My work as a visiting nurse and at Boston Health Care for the Homeless gave me the skills and confidence to work independently without any medical infrastructure around me. And I had learned a lot about foot care, something always needed in the desert. 

Has the situation for migrants changed any over the years?

From no barriers, except the desert itself, came fences first and now walls. Border agents used to consider programs run by Catholics sanctuary spaces, and they left aid stations alone. But not under Trump or Biden. 

In 2020, in the No More Deaths camp, in less than two months we had 30 people arrested while they were getting medical help, and 12 more were rounded up. The Border Patrol tries to sabotage aid efforts. Activists with No More Deaths took a video of an agent mocking them as he dumped out gallons of life-saving water. Volunteers have also been arrested and prosecuted for acting on their humanitarian values.

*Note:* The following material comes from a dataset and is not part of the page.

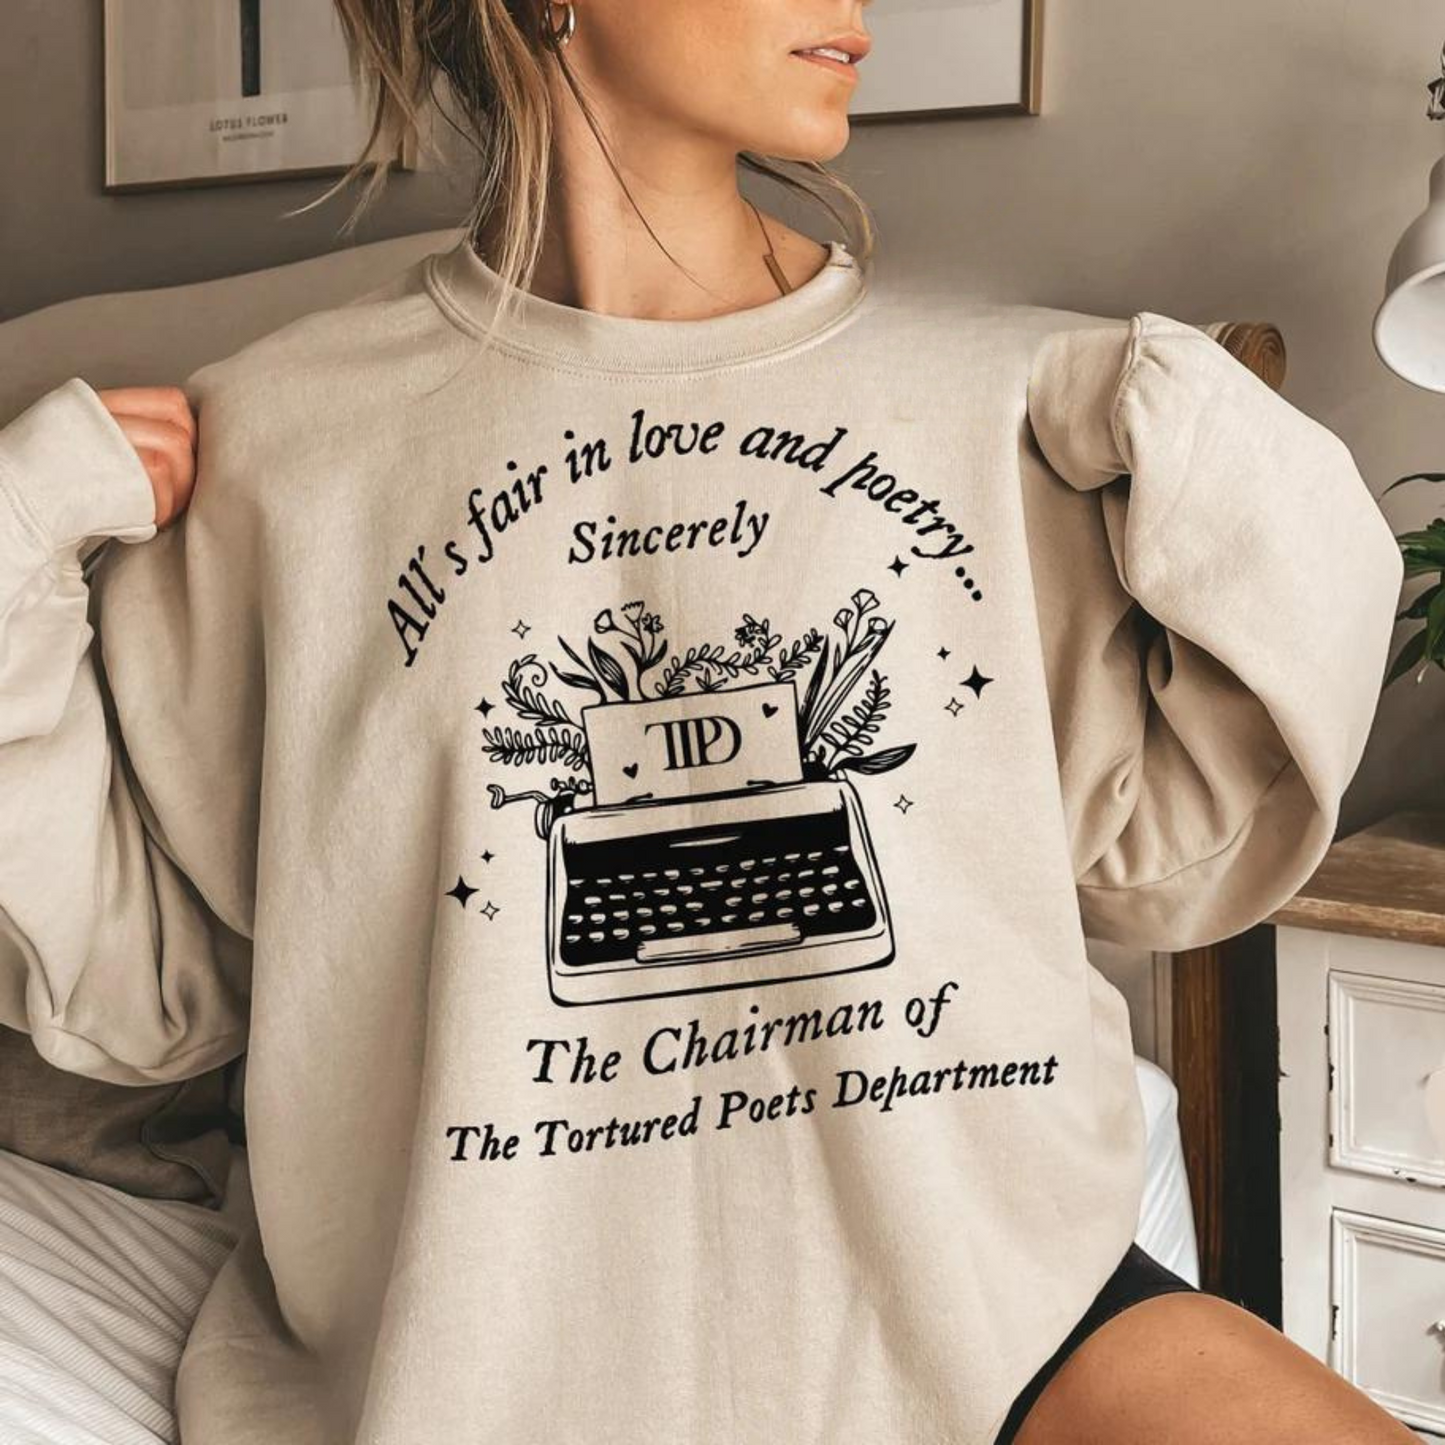 All's Fair In Love And poetry Sweatshirt - Khaki TTPD Sweater

Has witnessing the inhumanity of US policy been a soul-killing experience?

I’ve met people who moved to Arizona to relax in retirement, but the situation of the migrants passing so close to their homes motivated them to devote themselves to giving aid. I’ve met young people from all over the country who move to Arizona to volunteer. People like these give me hope of a time when human needs take priority over the needs of capital.